[Exercise data]:
━━━━━━━━━━
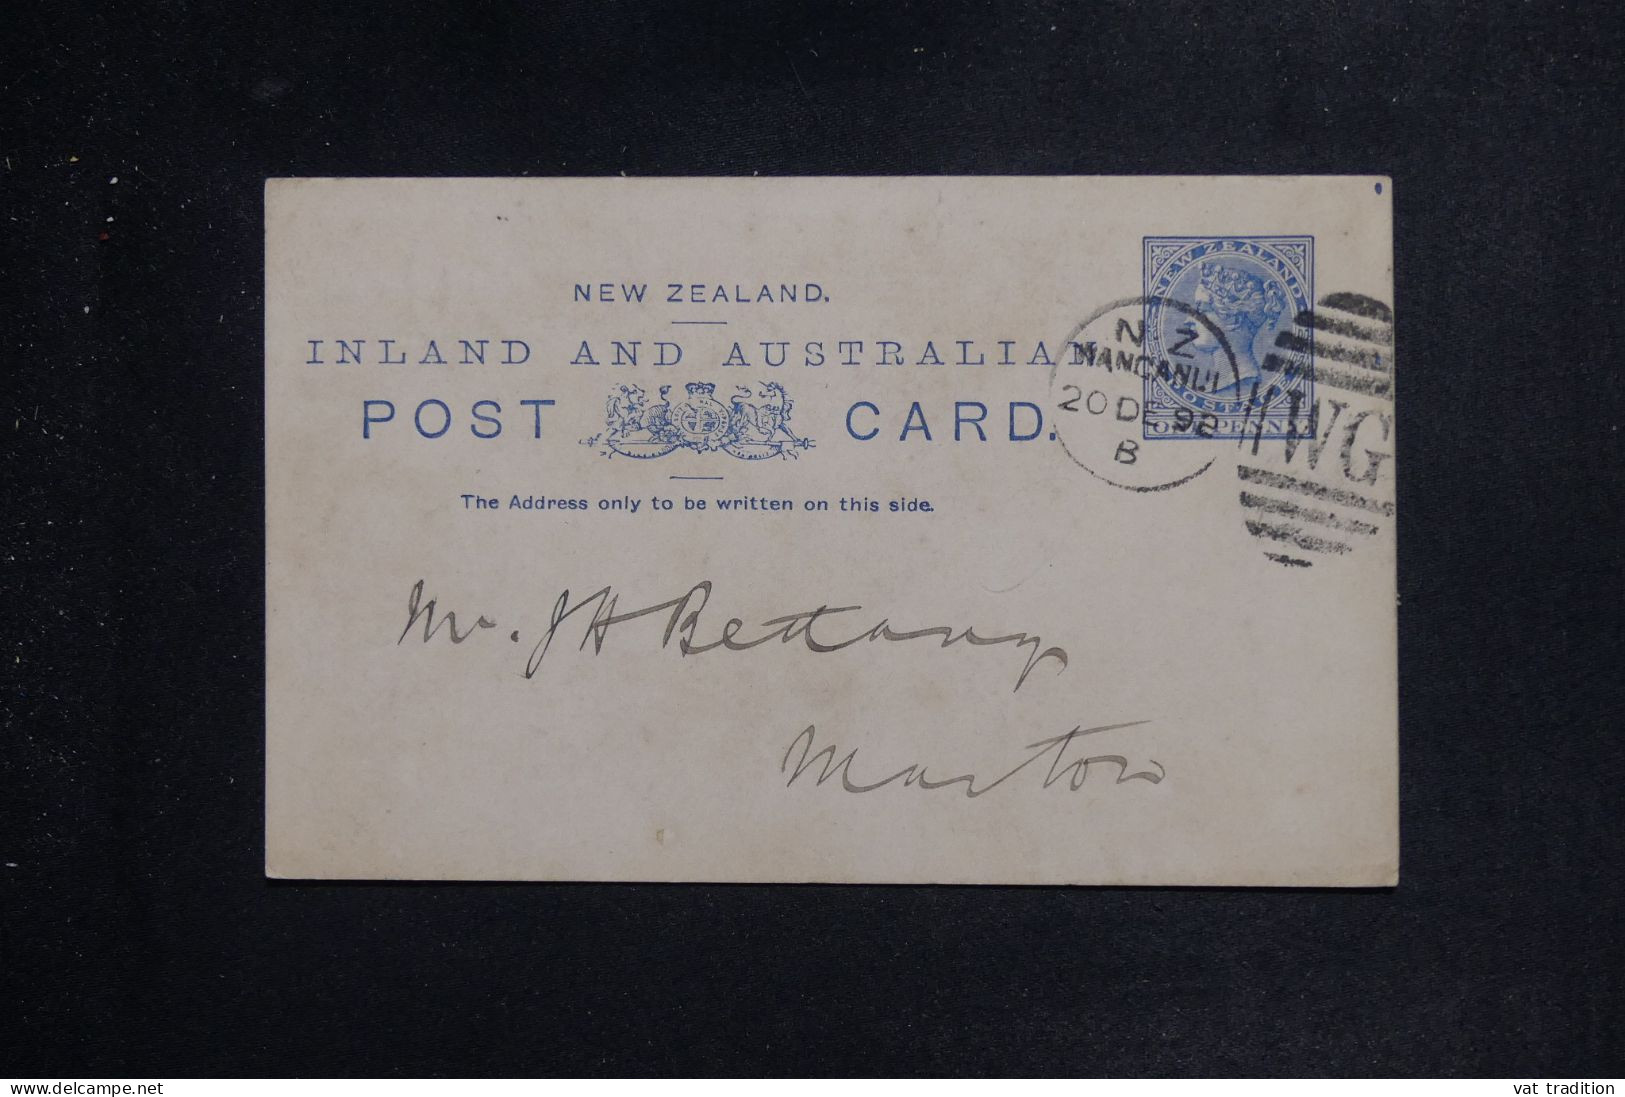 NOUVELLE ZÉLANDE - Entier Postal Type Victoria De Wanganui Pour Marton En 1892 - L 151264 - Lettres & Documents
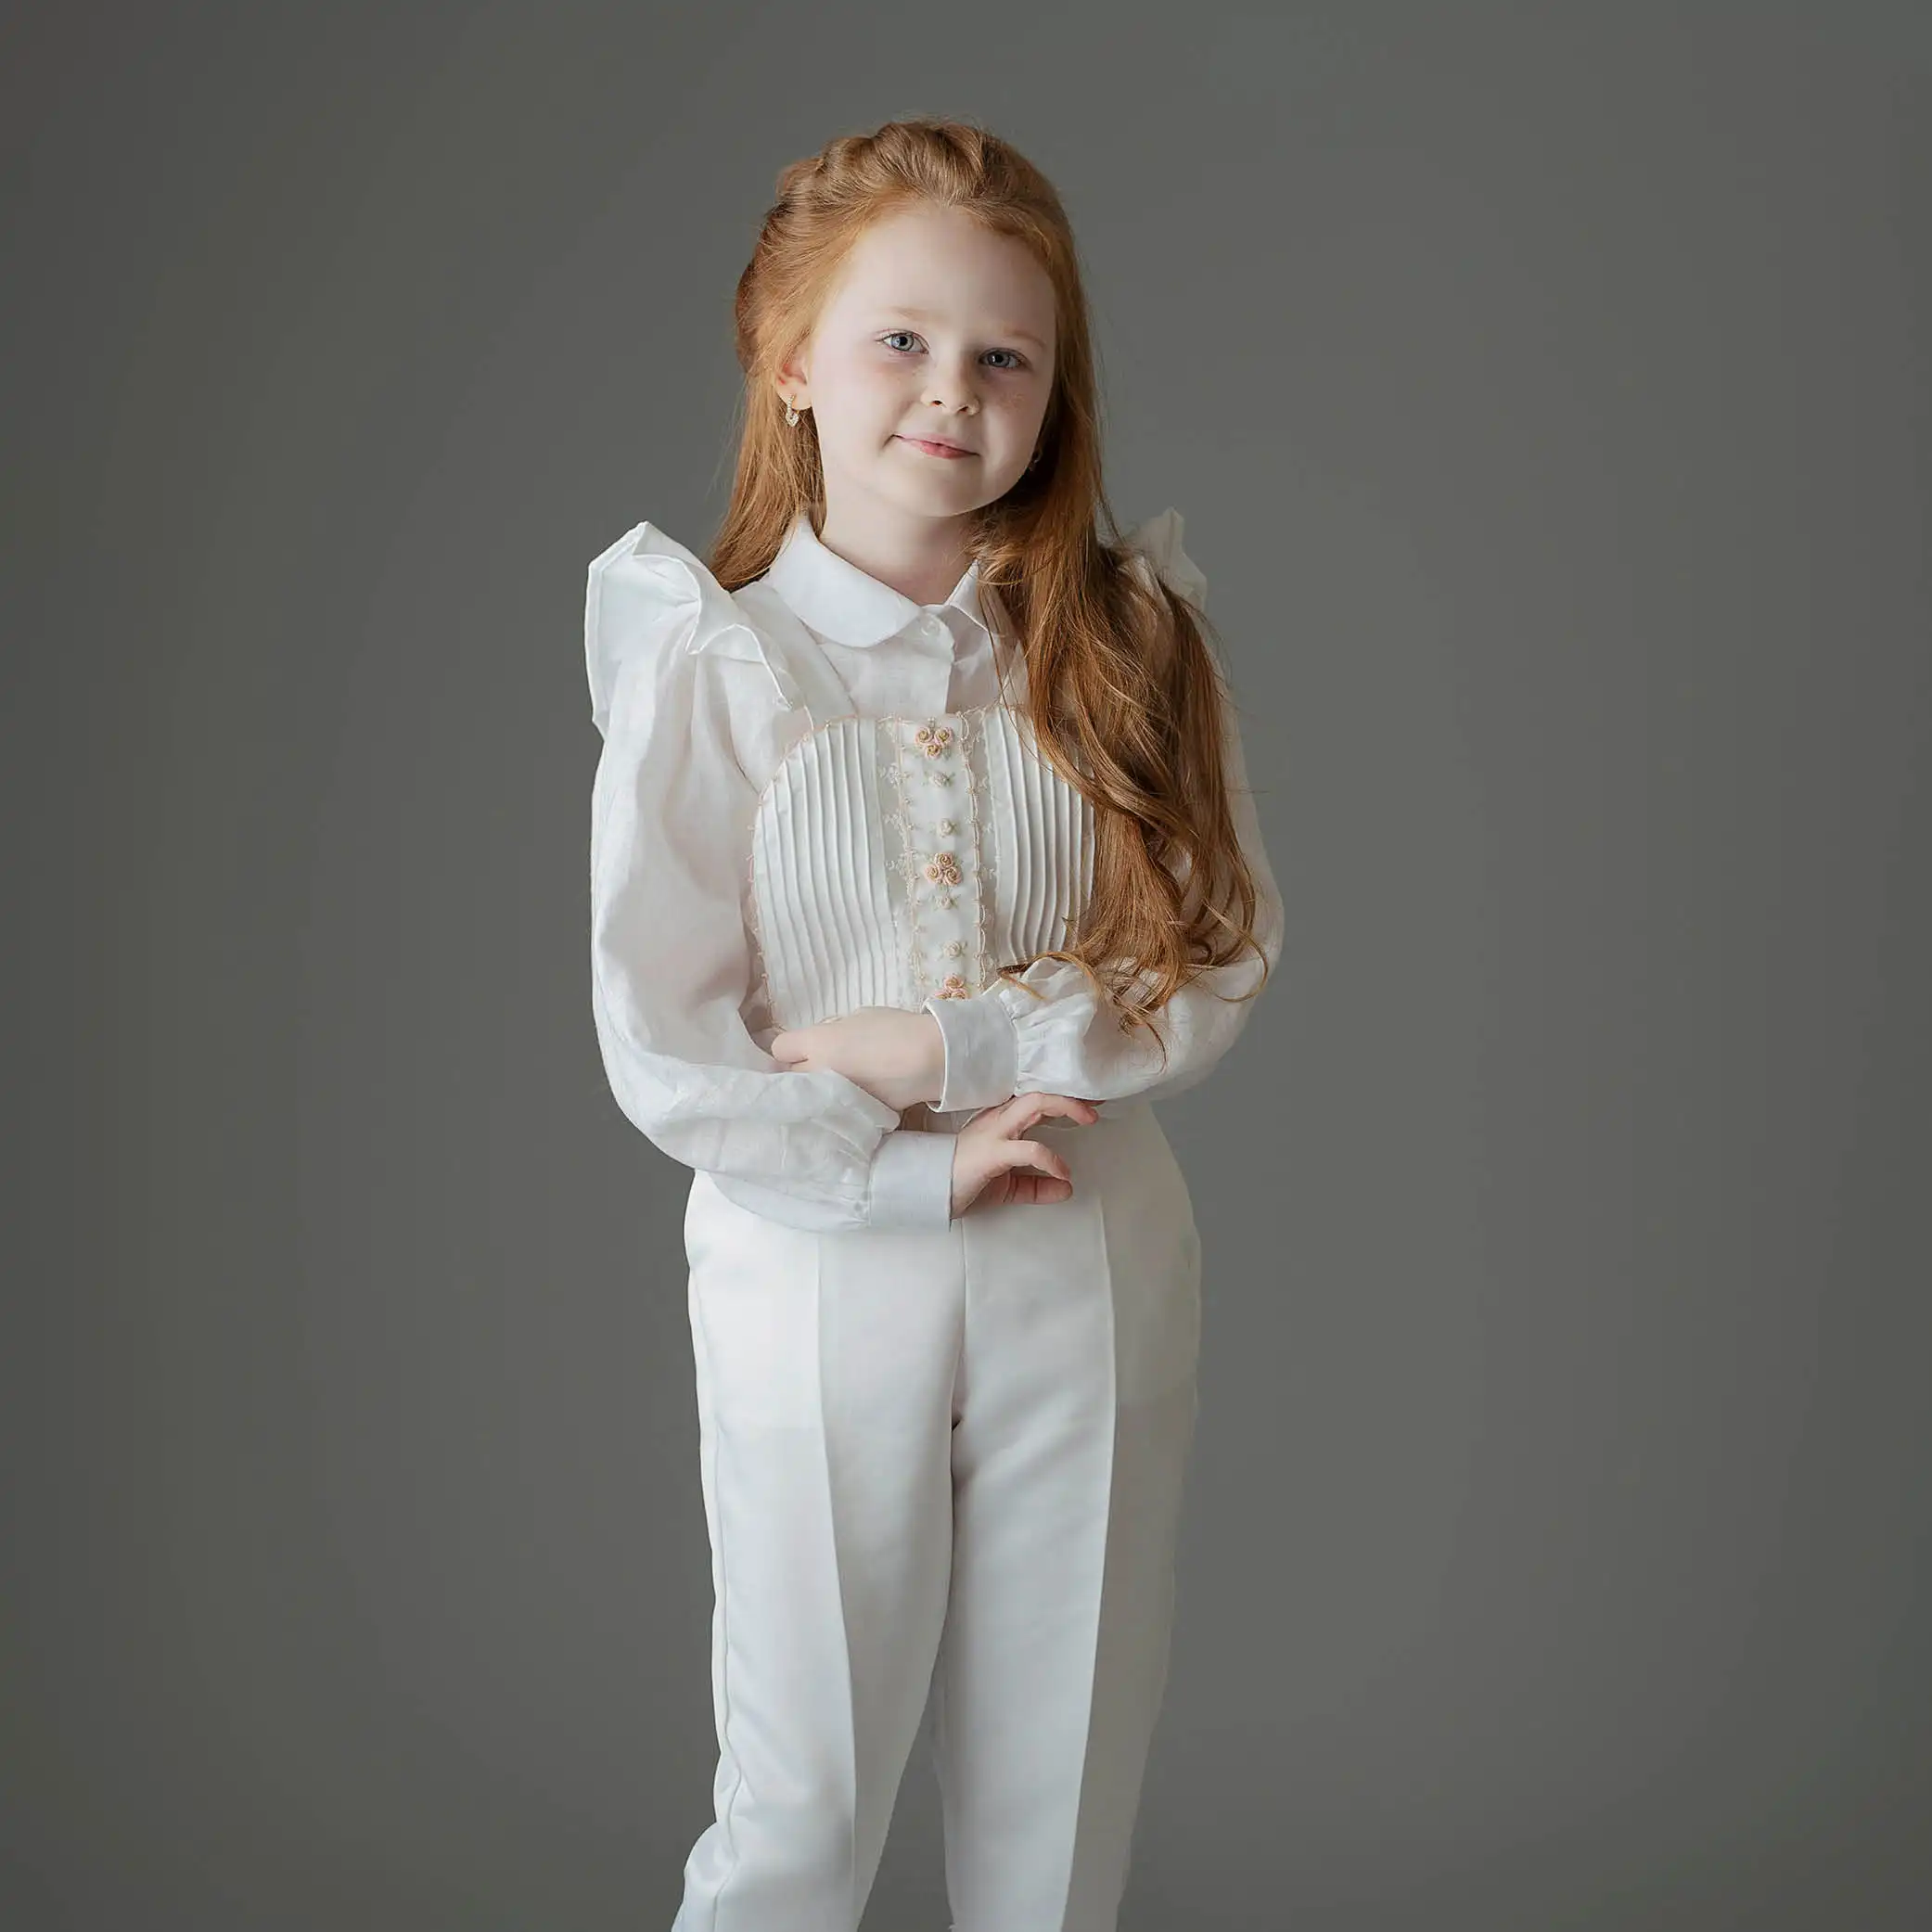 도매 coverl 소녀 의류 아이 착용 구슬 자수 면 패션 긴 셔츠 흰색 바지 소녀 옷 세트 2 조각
━━━━━━━━━━
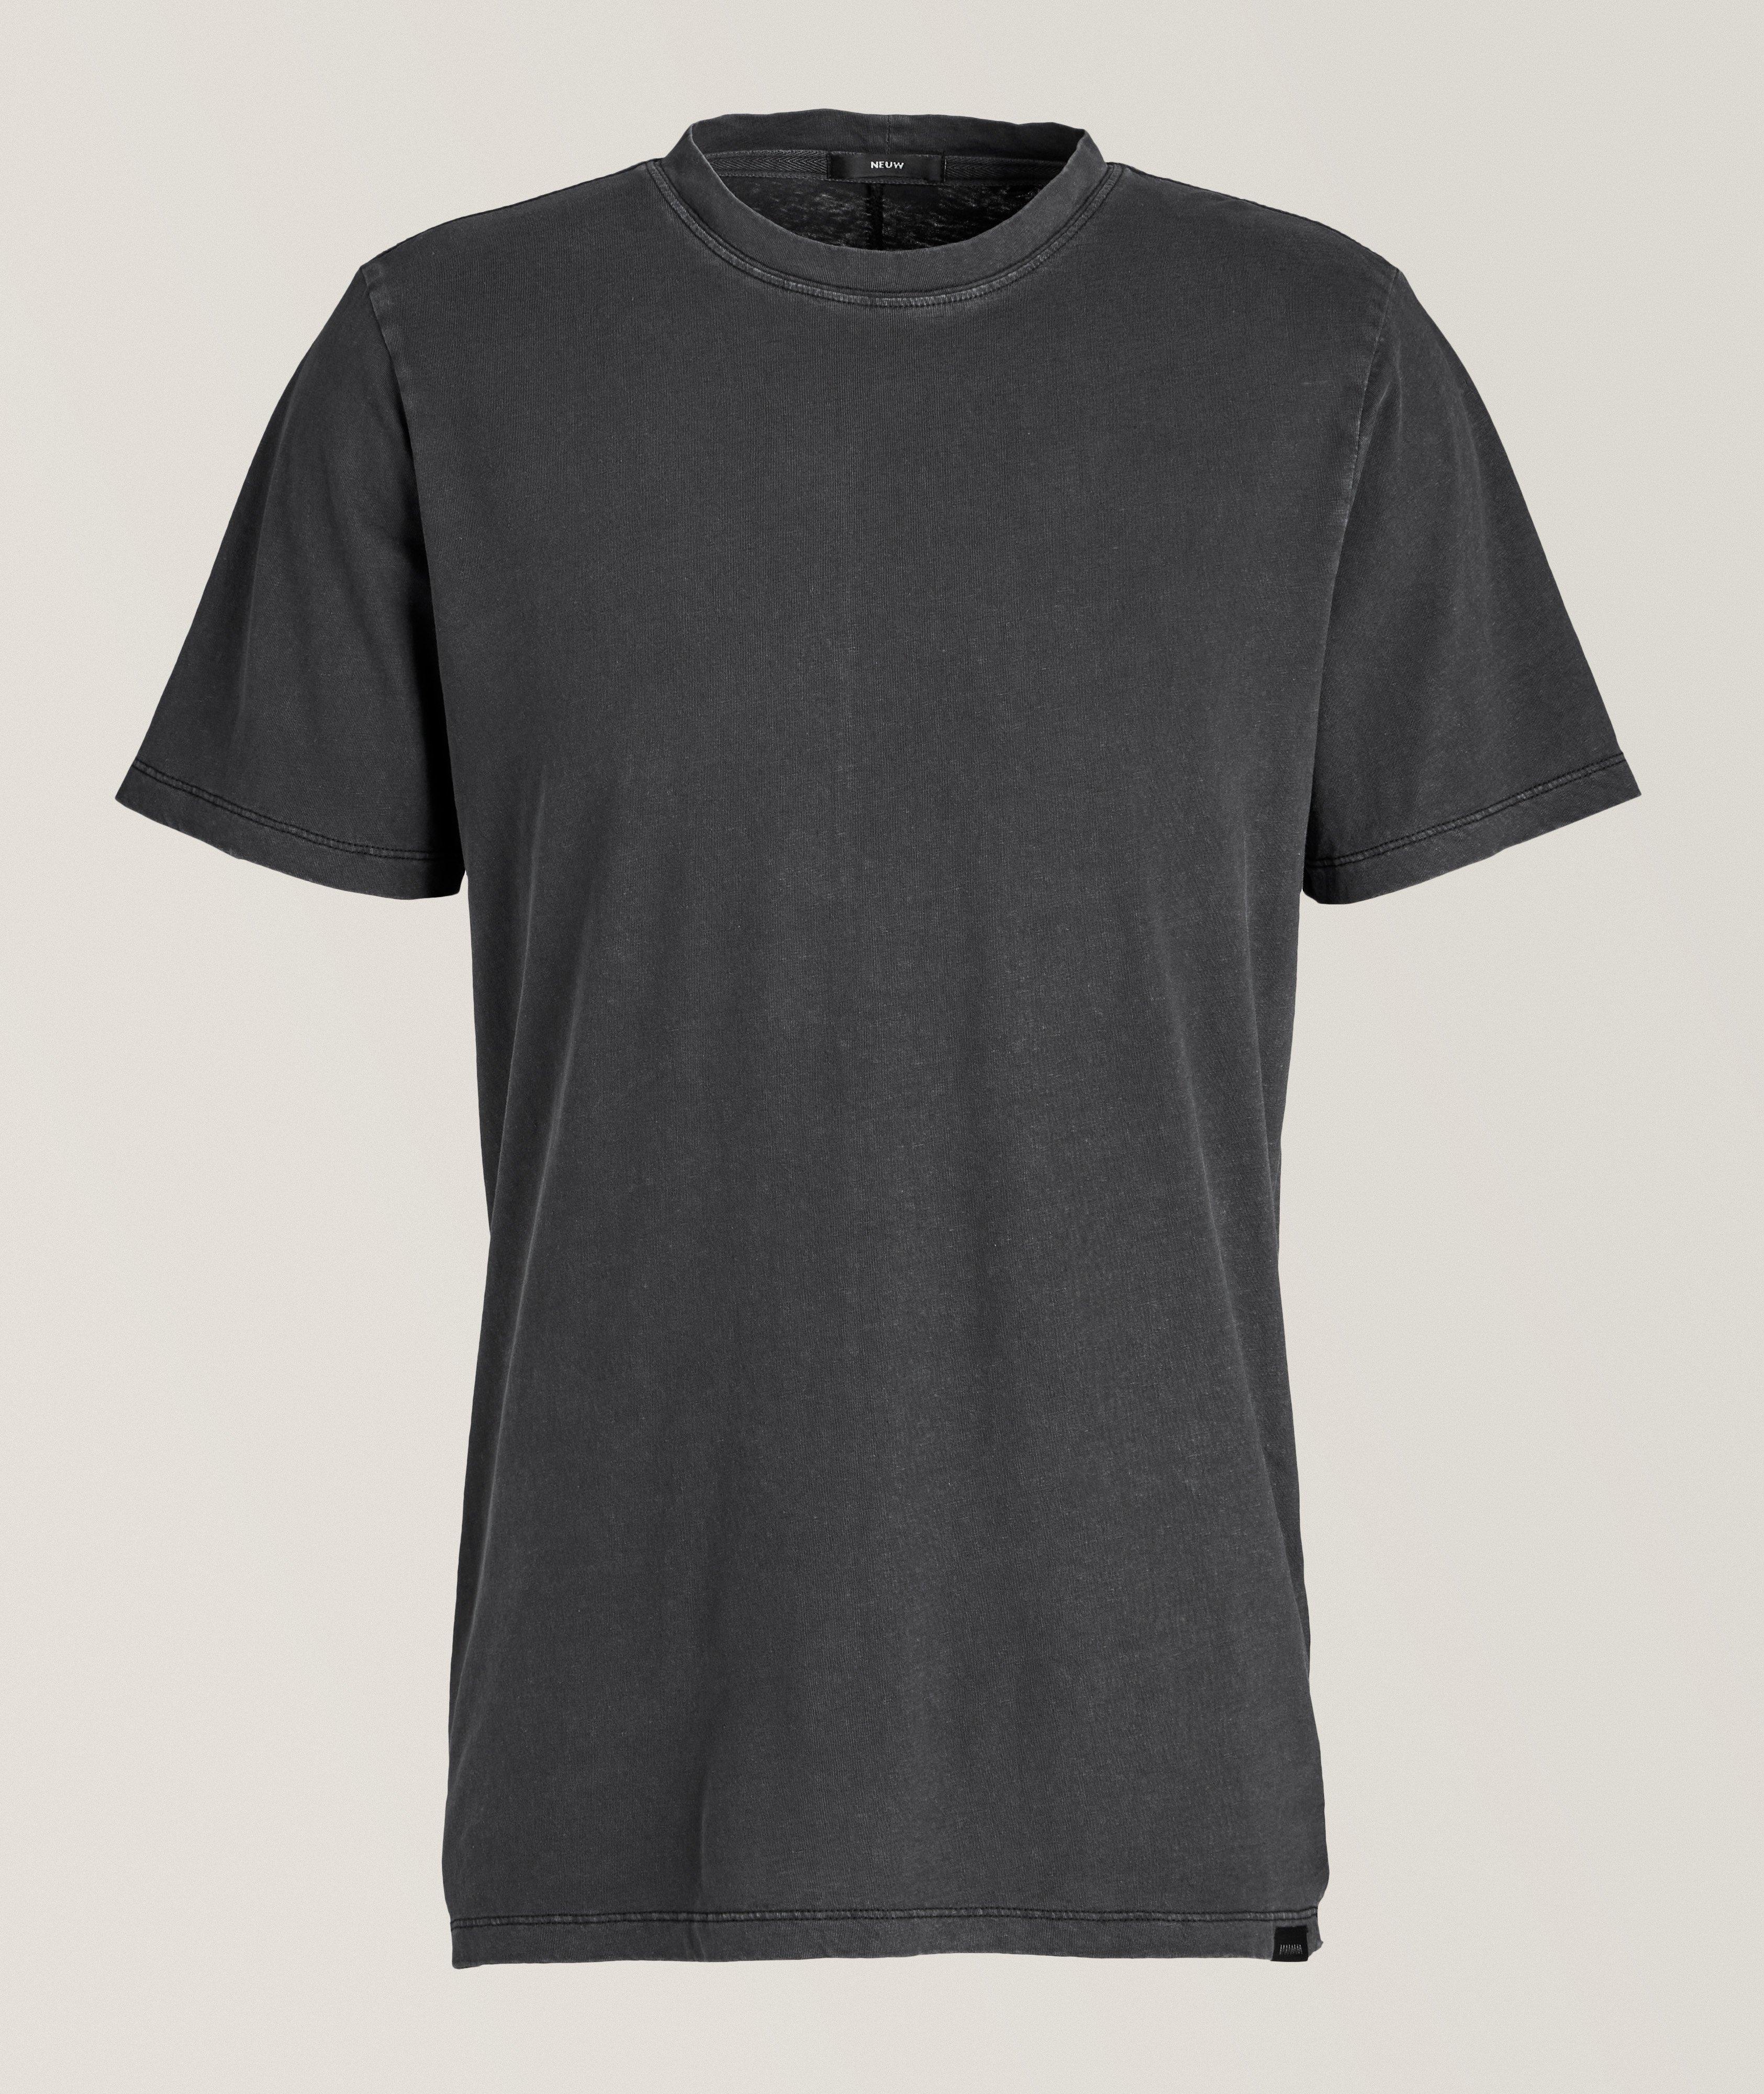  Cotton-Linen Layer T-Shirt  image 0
━━━━━━━━━━
[Your assignment]:
Starting at the line above that contains "NOUVELLE ZÉLANDE - Entier", transcribe every line exactly through the line that contains "도매 coverl 소녀", including that last one, and skip the pictures.

[Written reply]:
 NOUVELLE ZÉLANDE - Entier Postal Type Victoria De Wanganui Pour Marton En 1892 - L 151264 - Lettres & Documents
 도매 coverl 소녀 의류 아이 착용 구슬 자수 면 패션 긴 셔츠 흰색 바지 소녀 옷 세트 2 조각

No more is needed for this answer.